The stability of lipstick was estimated at room temperature (25 °C), 40 °C, and 45 °C in the stability chamber for 4 weeks. Samples of the selected formulation were examined for their melting point, spreadability, breaking point, surface anomalies, drug content, and percentage drug release after 12 h after completion of the 1st, 2nd, and 4th week [40].

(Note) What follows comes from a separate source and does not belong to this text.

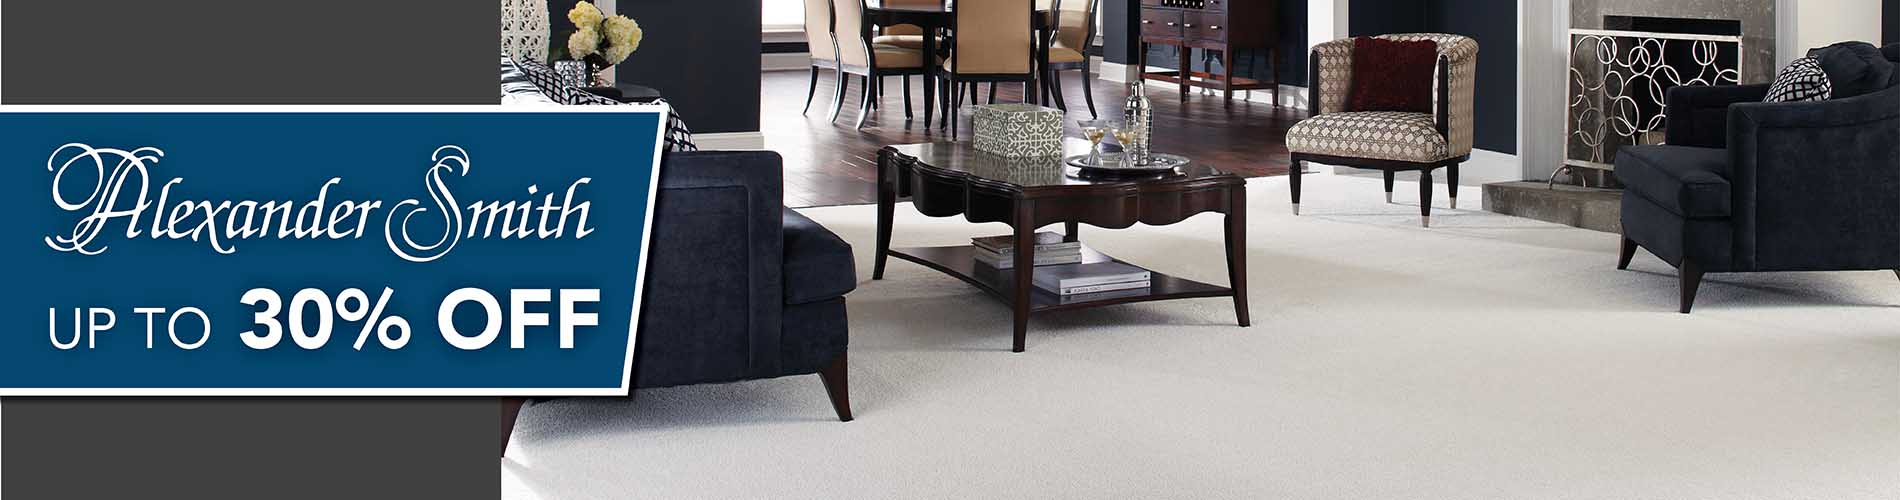 Alexander Smith sale 30% off at Flooring USA Kitchen and Bath Design Center

In vitro antifungal activity

The antifungal activity of the formulation was studied using the cup-plate method. The dextrose agar media was dissolved in 100 mL of distilled water with the help of continuous stirring and heating. The solution was boiled for some time for effective dissolution, followed by maintaining pH at 5.5 and autoclaving at a temperature of 121 °C for 15 min. The media was poured into two sterile Petri plates in an aseptic area and the plates were set aside for solidification. After solidification, the Candida albicans were inoculated on the surface of media in both plates and small holes were created. In one of the plates, 1% w/v KTZ solution in ethanol was placed in the holes as a reference. The formulation was subjected to the holes of agar media in another plate and both plates were incubated for 24 h at a temperature of 25 °C. The plates were removed after 24 h, and the zone of inhibition was estimated in millimeters by utilizing a vernier caliper. The diameter of the zone of inhibition was recorded, and each measurement was performed in triplicate [41, 42].

Statistical analysis

Statistical analysis was performed using Design-Expert® 13, and one-way ANOVA was performed for the statistical comparisons. The analysis was done using statistical parameters such as multiple correlation coefficient (r2), adjusted multiple correlation coefficient (adjusted r2), coefficient of variation (C.V.), and lack of fit proven by Design-Expert software.